4. Prepare for AI-driven product differentiation
- AI will compare and contrast competing solutions, so ensure your differentiators are explicit, factual, and easy for AI to extract.
- Encourage more customer testimonials and case studies. LLMs factor in sentiment from external sources.
- Leverage tools in your competitive intelligence programs to analyze AI-generated summaries of your brand and competitors.
Takeaways
Websites aren’t dying, but their role is shifting. As AI-generated content and decentralized brand discovery become the norm, companies must get their narratives back.
As product marketers, we should shift our mindset from “How do we rank in Google?” to “How do we ensure AI represents us accurately?”

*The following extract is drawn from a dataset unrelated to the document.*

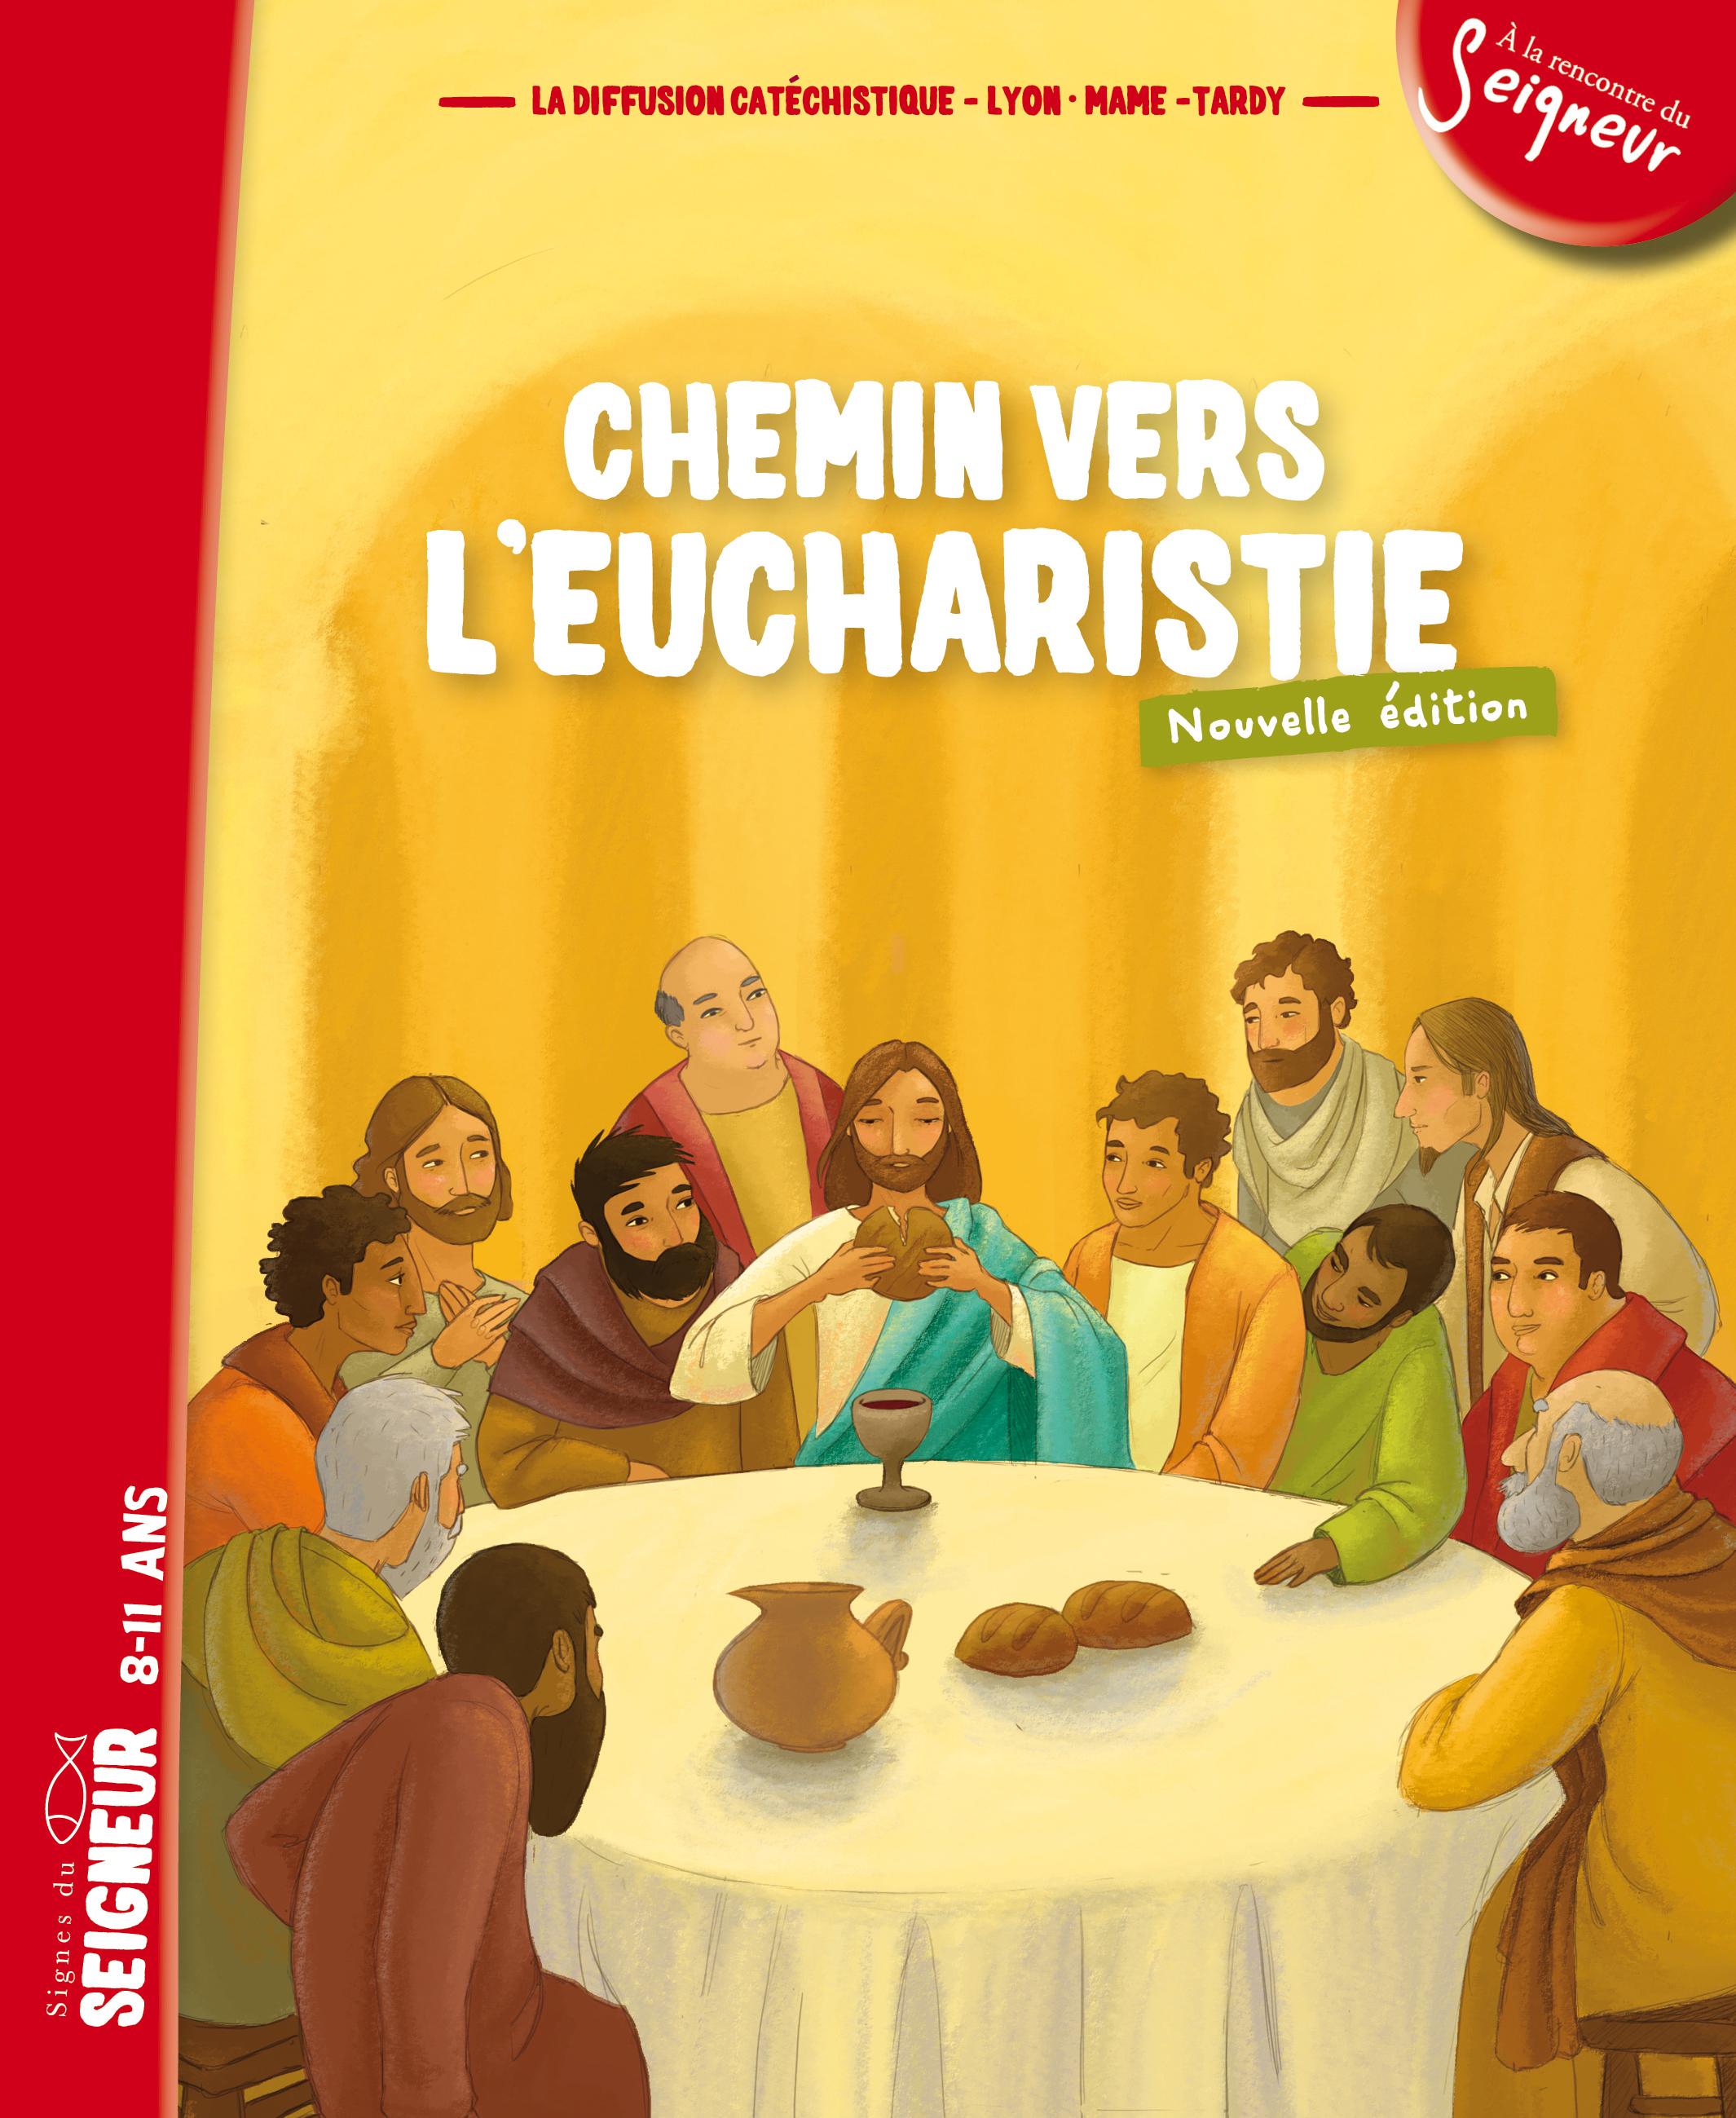 CHEMIN VERS L'EUCHARISTIE - LIVRET ENFANT (8-11 ANS) - N1

- Structured and fact-based content – AI models love clear, factual data.
- Machine-readable information – Schema markup, structured FAQs, and knowledge bases help AI understand context.
- Third-party validation – Media coverage, research citations, and expert contributions boost authority.
- Consistency across platforms – AI won’t know what to trust if your brand message is different everywhere.
Sure, we can’t control how AI references our brands, but we can influence what it learns from, and the brands that adapt now will thrive in the foreseeable future.